Highlights from the First Quarter 2019

  • First quarter 2019 revenue per available seat mile (RASM) declined 3.1%, year over year, driven by holiday calendar placement, improved completion factor and certain areas of softness observed in the trough period. Excluding the 0.75 point impact from high completion factor, RASM declined 2.4% year over year, slightly better than the mid-point of our guidance range of down (3.5%) to down (1.5%).
  • Operating expenses per available seat mile, excluding fuel (CASM ex-fuel) (1) increased 0.9%, below the low end of our initial guidance range of 1.5% to 3.5%. This increase includes a benefit of approximately 0.75 points from improved completion factor.

Key Guidance for the Second Quarter and Full Year 2019:

  • Capacity is expected to increase between 4.5% and 6.5% year over year in the second quarter 2019. For the full year 2019, JetBlue expects capacity to increase between 4.5% and 6.5%.
  • RASM growth is expected to range between 1.0% and 4.0% for the second quarter 2019 compared to the same period in 2018. Our guidance includes a benefit of 2.25 points of impact related to the calendar placement shift of Easter and Passover between the first and second quarters of 2019.
  • CASM ex-fuel is expected to increase between 1.5% and 3.5% for the second quarter of 2019, principally driven by engine maintenance timing and the year-over-year impact of the pilot contract effective on August 1st, 2018. For the full year 2019, JetBlue continues to expect year over year CASM ex-fuel to be between flat and 2.0%.

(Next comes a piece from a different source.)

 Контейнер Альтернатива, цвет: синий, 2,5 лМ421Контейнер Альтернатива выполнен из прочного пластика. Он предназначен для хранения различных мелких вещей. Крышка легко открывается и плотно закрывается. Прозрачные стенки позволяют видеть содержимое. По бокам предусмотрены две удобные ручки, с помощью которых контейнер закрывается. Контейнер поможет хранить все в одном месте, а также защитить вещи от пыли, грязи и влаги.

For further details see the latest Investor Update and the First Quarter 2019 Earnings Presentation available via the internet at http://investor.jetblue.com.

JetBlue will conduct a conference call to discuss its quarterly earnings today, April 23, 2019 at 10:00 a.m. Eastern Time. A live broadcast of the conference call will also be available via the internet at http://investor.jetblue.com.

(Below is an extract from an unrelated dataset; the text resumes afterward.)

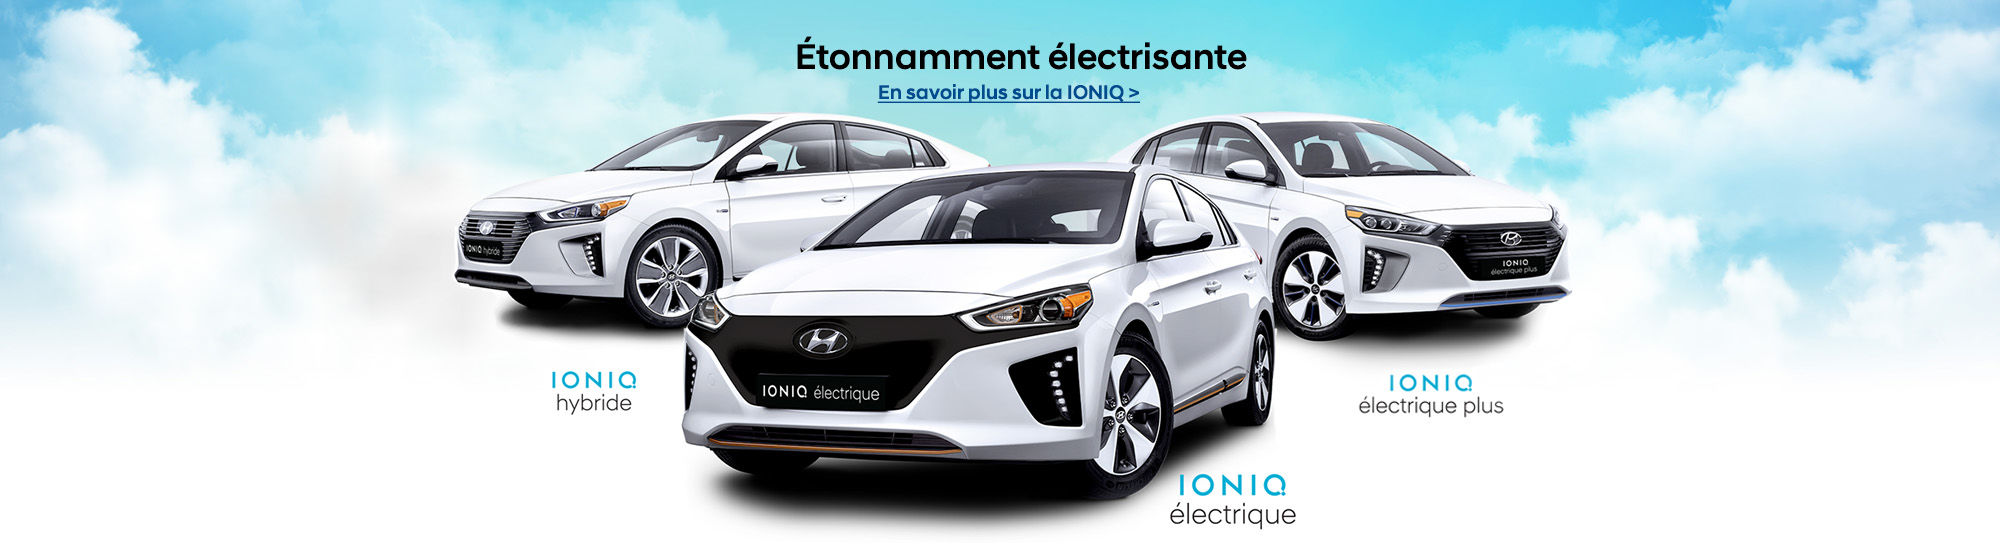 Ioniq Hybride-électrique-électrique plus

Executing our Plan to Reach our EPS Commitments “We are very proud of our team and the work they do every day to deliver the JetBlue experience. This quarter our financial performance was mainly impacted by the calendar placement of Easter and Passover holidays and, as disclosed in March, a softer revenue environment than initially expected,” said Robin Hayes, JetBlue’s Chief Executive Officer.

“In recent years we have repeatedly demonstrated our ability to adapt to the changing environment around us to achieve our margin commitments – and 2019 is proving to be no different. We believe we will successfully execute our five ‘building blocks’ introduced at our 2018 Investor Day, and we remain committed to our goal of delivering earnings per share between $2.50 and $3 dollars by 2020. We also continue to expect margin expansion in 2019, and to further expand our margins in 2020.”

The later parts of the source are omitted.